Therefore, there are significant concerns that the safeguards need to be stronger to ensure that the clauses are not misused by others and that scope changes are not made in the future. One example that has been given to me is the suggestion that if this database is opened up, and subsequently shared via proposals in the Digital Economy Bill, there is a possibility that the entire nation’s education data from the age of two to 19 could be joined to university data, which of course is then joined to Her Majesty’s Revenue and Customs. Alternatively, it could be joined to HMRC and the Department for Work and Pensions afterwards, without there being sufficient safeguards or oversight for other uses designated by the Secretary of State.
I accept that this is a complex and difficult area and we are in real time here—the Digital Economy Bill is moving ahead. But in the context of what my hon. Friend the Member for City of Durham has said, could the Minister reflect on this? He or his officials might wish to have discussions with his colleague taking forward the Digital Economy Bill, because there is genuine concern out there. I am not necessarily saying the nightmare vision of everybody from two to 19 having all their data exposed to anybody in the way described will come to pass, but if there are genuine, legitimate concerns—my hon.

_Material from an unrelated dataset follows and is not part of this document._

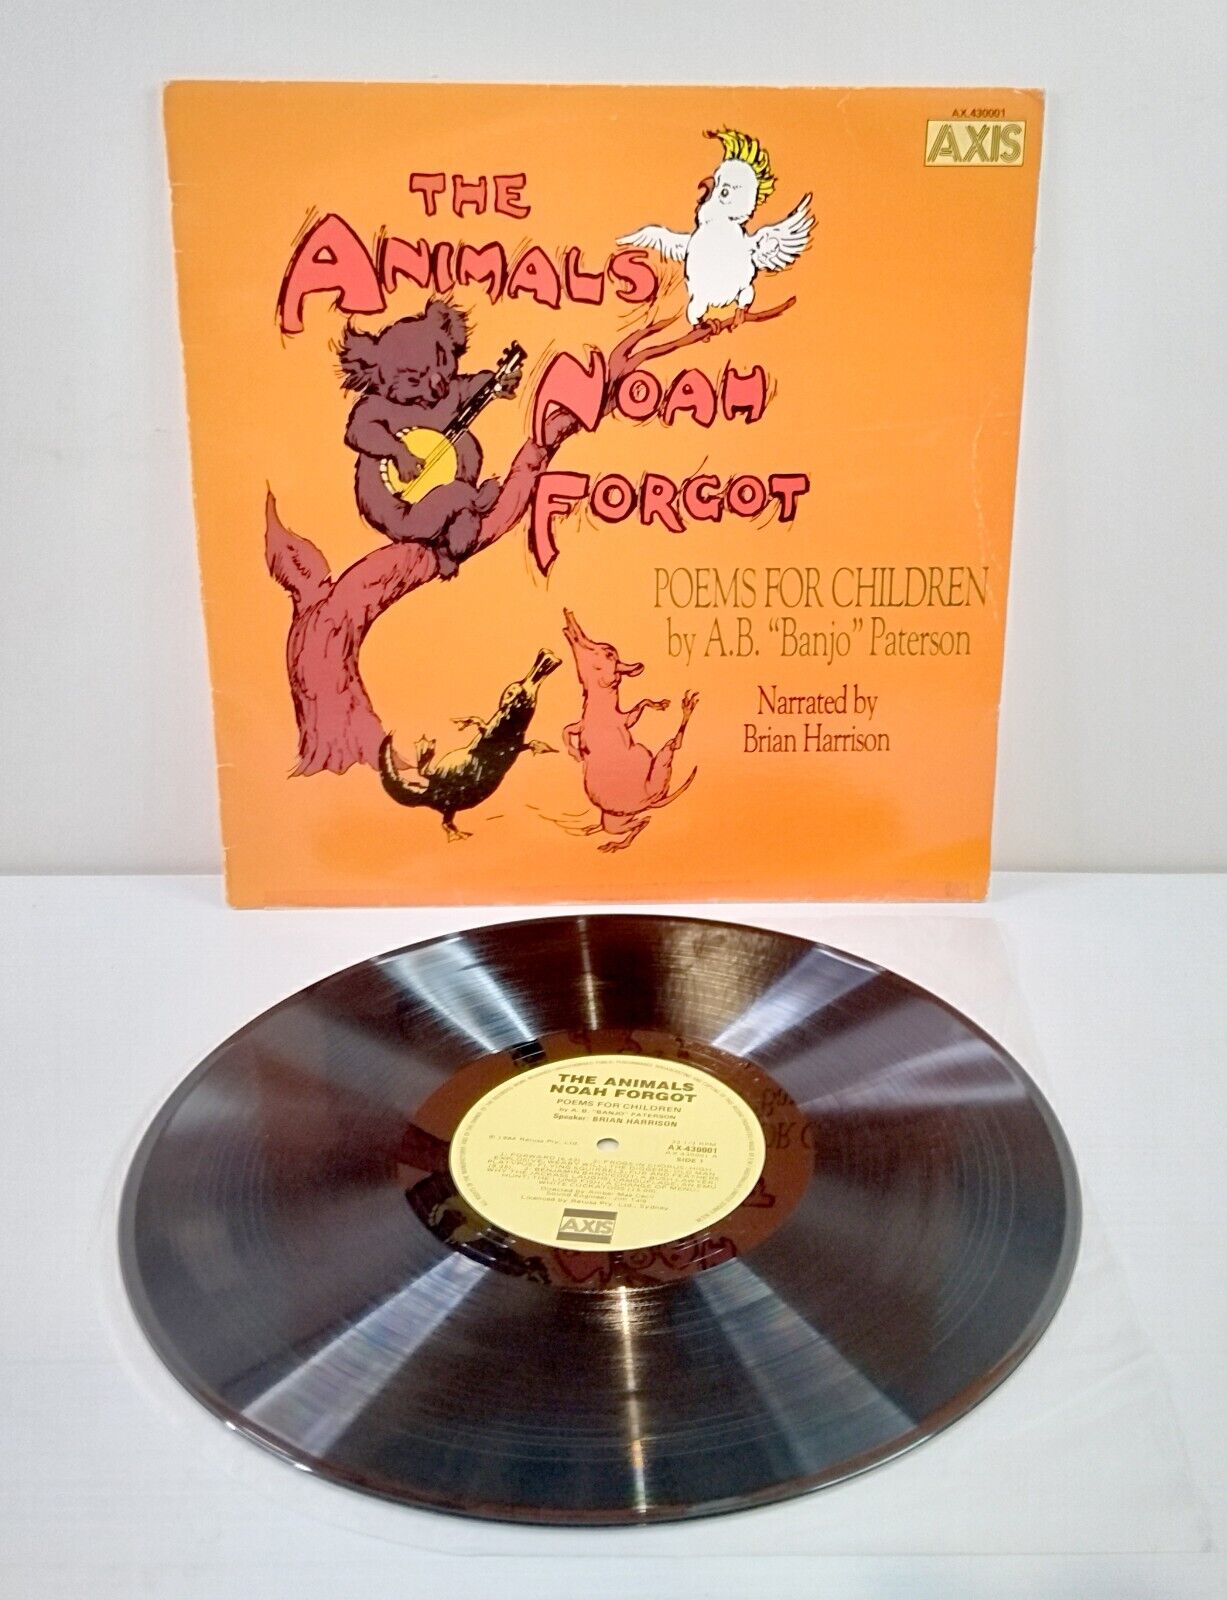 LP - Banjo Patterson, The Animals Noah Forgot - 1984 Axis, Australian Release
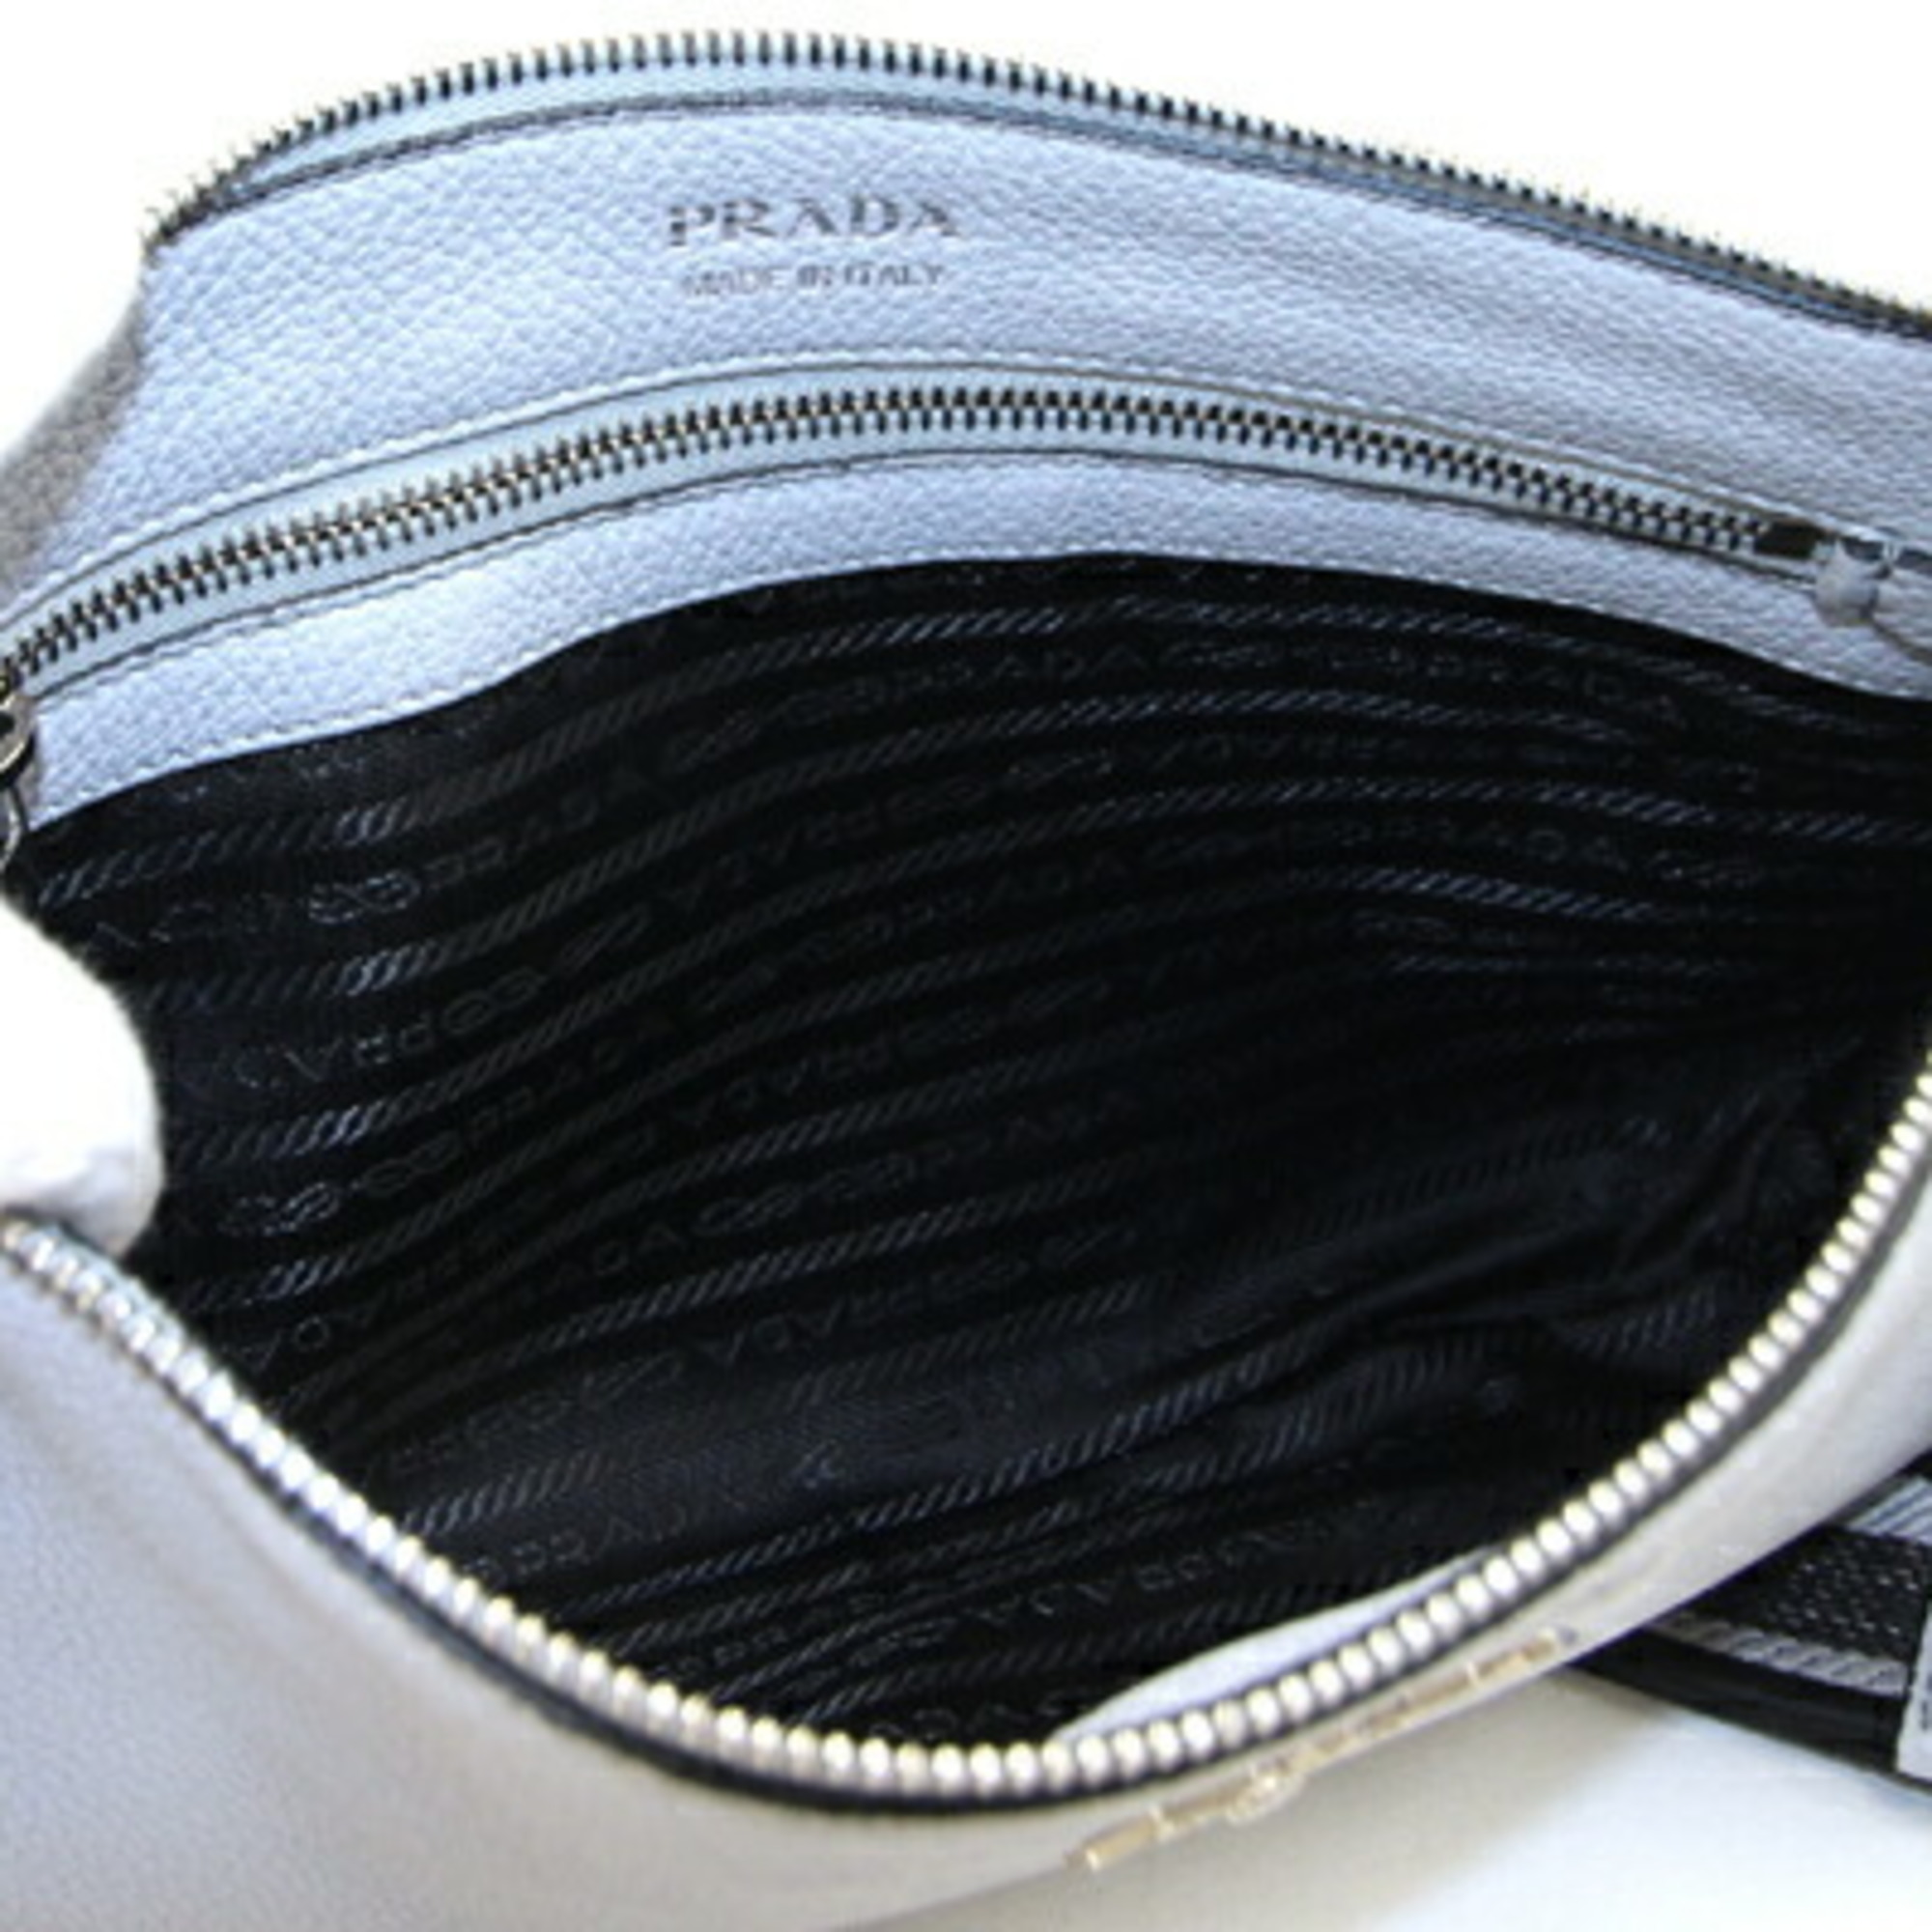 Prada Shoulder Bag 1BH050 Baby Blue FIORDALISO Leather Crossbody for Women PRADA

Friend is very knowledgeable in these areas and has already referred to them—the precautionary principle might apply.
I would welcome any further reassurance the Minister can give; if he does not wish, or is not able, to give that reassurance today, perhaps he will be able to give more information before the end of Committee stage, or shortly subsequent to it.
I am grateful for the opportunity to discuss these amendments to clause 71. As I have said before, the Government attach great importance to widening participation in higher education as a means of improving social mobility. Access to application-to-acceptance data, and a better understanding of those data, is vital if we are to have more effective policies, as commentators such as the Social Mobility and Child Poverty Commission have stated. Indeed, the director of research at the Sutton Trust has said that
“there is much more we can learn about the choices that disadvantaged young people make on higher education with better data. The Ucas database can do a lot to improve what we know about that decision-making process.”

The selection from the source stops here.